* _Data to process_
────────────────────

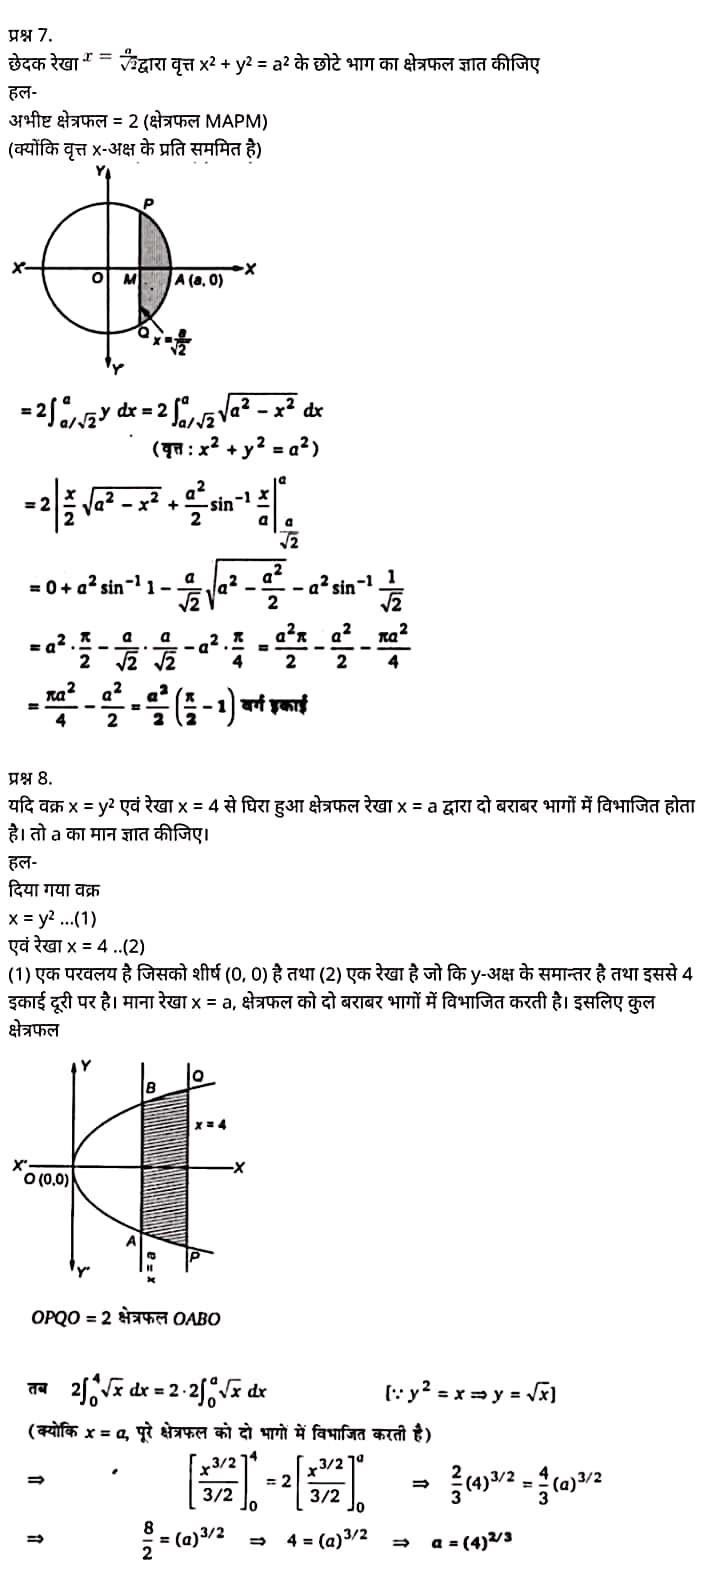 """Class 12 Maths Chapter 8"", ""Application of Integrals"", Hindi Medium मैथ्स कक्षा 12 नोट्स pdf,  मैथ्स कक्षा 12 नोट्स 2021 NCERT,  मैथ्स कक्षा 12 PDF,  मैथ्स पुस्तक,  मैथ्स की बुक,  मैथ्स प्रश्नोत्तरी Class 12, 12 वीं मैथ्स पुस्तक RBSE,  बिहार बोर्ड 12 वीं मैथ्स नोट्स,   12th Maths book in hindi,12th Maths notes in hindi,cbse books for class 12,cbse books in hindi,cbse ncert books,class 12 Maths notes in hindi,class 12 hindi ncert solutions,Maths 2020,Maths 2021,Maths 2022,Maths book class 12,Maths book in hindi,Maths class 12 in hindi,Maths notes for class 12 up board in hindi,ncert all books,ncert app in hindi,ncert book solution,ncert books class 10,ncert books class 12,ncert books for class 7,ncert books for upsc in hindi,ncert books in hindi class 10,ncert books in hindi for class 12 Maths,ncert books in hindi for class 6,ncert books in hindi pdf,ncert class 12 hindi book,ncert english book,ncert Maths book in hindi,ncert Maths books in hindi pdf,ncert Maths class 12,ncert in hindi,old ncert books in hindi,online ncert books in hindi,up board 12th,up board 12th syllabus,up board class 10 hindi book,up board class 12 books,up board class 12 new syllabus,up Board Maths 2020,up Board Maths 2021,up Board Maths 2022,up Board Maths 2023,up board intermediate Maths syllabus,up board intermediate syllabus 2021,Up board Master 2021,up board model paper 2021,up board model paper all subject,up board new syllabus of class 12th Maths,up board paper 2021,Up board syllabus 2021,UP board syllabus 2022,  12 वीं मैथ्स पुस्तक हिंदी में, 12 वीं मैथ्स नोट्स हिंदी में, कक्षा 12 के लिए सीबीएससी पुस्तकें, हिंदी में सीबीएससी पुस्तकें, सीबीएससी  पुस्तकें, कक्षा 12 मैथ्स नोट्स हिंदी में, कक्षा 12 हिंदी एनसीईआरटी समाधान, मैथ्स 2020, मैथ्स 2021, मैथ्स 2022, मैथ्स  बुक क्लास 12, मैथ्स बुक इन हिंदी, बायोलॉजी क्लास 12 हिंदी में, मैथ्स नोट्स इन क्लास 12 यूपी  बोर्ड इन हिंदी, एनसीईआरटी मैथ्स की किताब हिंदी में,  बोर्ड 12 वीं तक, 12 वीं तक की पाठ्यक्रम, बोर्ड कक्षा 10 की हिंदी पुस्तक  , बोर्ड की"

────────────────────

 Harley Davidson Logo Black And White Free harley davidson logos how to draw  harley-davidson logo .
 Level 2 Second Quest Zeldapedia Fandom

────────────────────

* _Exercise details_
Please output exactly the lines between the one holding "Harley Davidson Logo Black" and the one holding "Level 2 Second Quest Zeldapedia Fandom" in the records above, inclusive, and nothing more.

* _Answer space_
 Harley Davidson Logo Black And White Free harley davidson logos how to draw  harley-davidson logo .
 Level 2 Second Quest Zeldapedia Fandom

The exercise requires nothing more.